“Hey babe, what would you think of taking a flight in a 1928 airplane?” he says, only about a half a cup of coffee into our morning.
“Um, sure” I say groggily. Then my brain woke up. “Wait, say what now?!? That sounds like a death wish.” I reply. Picture the horrified look on my face for full effect. Of course, at that point I’ve only entertained the question in the most theoretical of senses. Then it occurred to me that it might not be.
Nope. It was not a theoretical question. “No, it’s a Ford Tri-Motor. I’ve always wanted to fly in one and they’re offering flights in Reno today.”
And thus began my day a few months ago as I found myself unexpectedly packing up some minimal camera gear and driving to Reno to fly in a 90-year-old airplane.
That was not the original plan for the day, as you’ve probably gathered. And you know I’ll keep it real. I was kind of scared. It sounded terrifying.
On top of the what-the-hell-am-I-getting-myself-into factor, I wasn’t completely sold this was the best way to spend my time that day. I’m simply not an airplane aficionado and I was quite buried in other pressing life and work tasks that needed my attention.
But I’m no stranger to embracing spontaneous opportunities. Keeping your bucket full is all about recognizing the things in life you probably shouldn’t pass up. I didn’t approach it for the curiosity at first, though. Being someone who is in ever-present work mode, I thought “Ok cool, my dear man is so stoked about this and it would be a really unique photo op. ”
Flying back in time
Little did I understand how cool it would be. Once I had some time to understand a bit more about the Ford Tri-Motor, I became intrigued. The historical importance completely roped me in. I had no idea!
The airplane is unique and gorgeous with its square shape and corrugated body panels. Its exterior controls are both amazing and entirely frightening. The old-school interior is a step back in time. The wooden paneling, the gloriously retro light sconces, the decorative curtains, the huge windows that allowed you to take in the whole view—I adored the details and textures.
The flight itself was amazing. I’ve seen Reno from the air countless times as I’ve flown in and out on commercial flights. But this—a low-altitude loop looking through the blades of the wing-mounted motors, was entrancing. It was a totally visceral experience unlike commercial flights. It’s much like the difference between the joy of riding and the monotony of driving in the bubble of a car.
Holding on to the magic
Serendipity struck just a few days after my Tri-Motor experience when I read a great bit by my Tremont photography pal Steve Zigler about holding on to the magic of travel after you return. I realized that this is one of the ways you do it. You bring the spirit of travel home with you and apply it to your daily life. You give yourself the chance to see your hometown in a new way.
I had no intention of extolling the virtues of the 1928 Ford Tri-Motor airplane on the blog. Yet some experiences just stick with you. So here, almost three months later, I’m still in love with taking the leap that day.

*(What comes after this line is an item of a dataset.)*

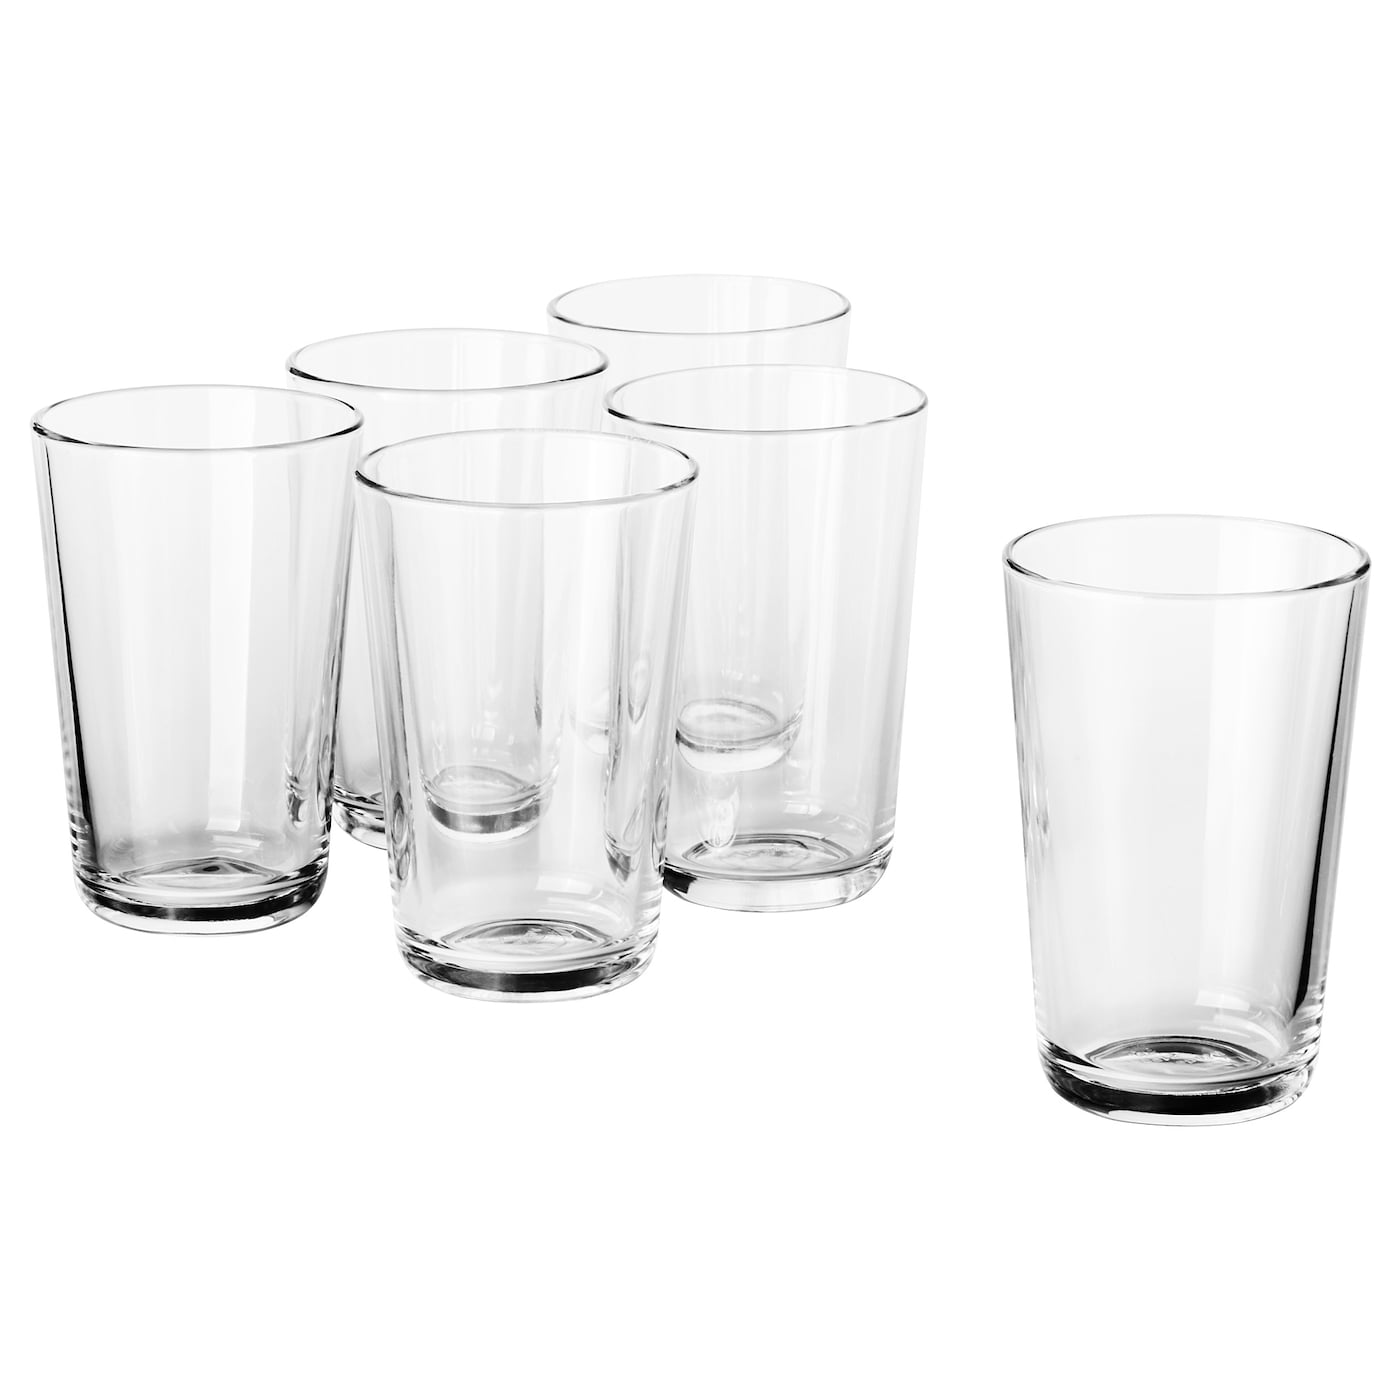 Набор стаканов, 6 шт. - IKEA 365+, 300 мл, прозрачное стекло, ИКЕА 365+

I thought this odd little day in my life was worth sharing. The larger message of keeping the travel magic alive in your daily life is important, of course. But also to be deliberate with how we spend our time. Even with a spontaneous decision, it was deliberate. Although it took a much greater infusion of coffee to figure that out!
One of the decision points that morning was also acknowledging the value of a unique shared experience with someone very important to me. Even though it’s not something I would have sought out for myself and he would have had a good time on his own, sharing it together elevated it for both of us. The same as our travels together do. It allowed us a double-dip on keeping the magic alive at home at a time when we were working almost non-stop.
And finally, I would be remiss if I didn’t encourage you have a take in this particular experience. It was so unique and thrilling. The plane is on tour in the U.S. if you’d like to catch a ride. It’s well worth it!
Adventure on, friends!
[UPDATE: I originally called this a 1929 but it turns out this is a 1928 so the post has been updated to correct my mistake. Please excuse my aviation ignorance!]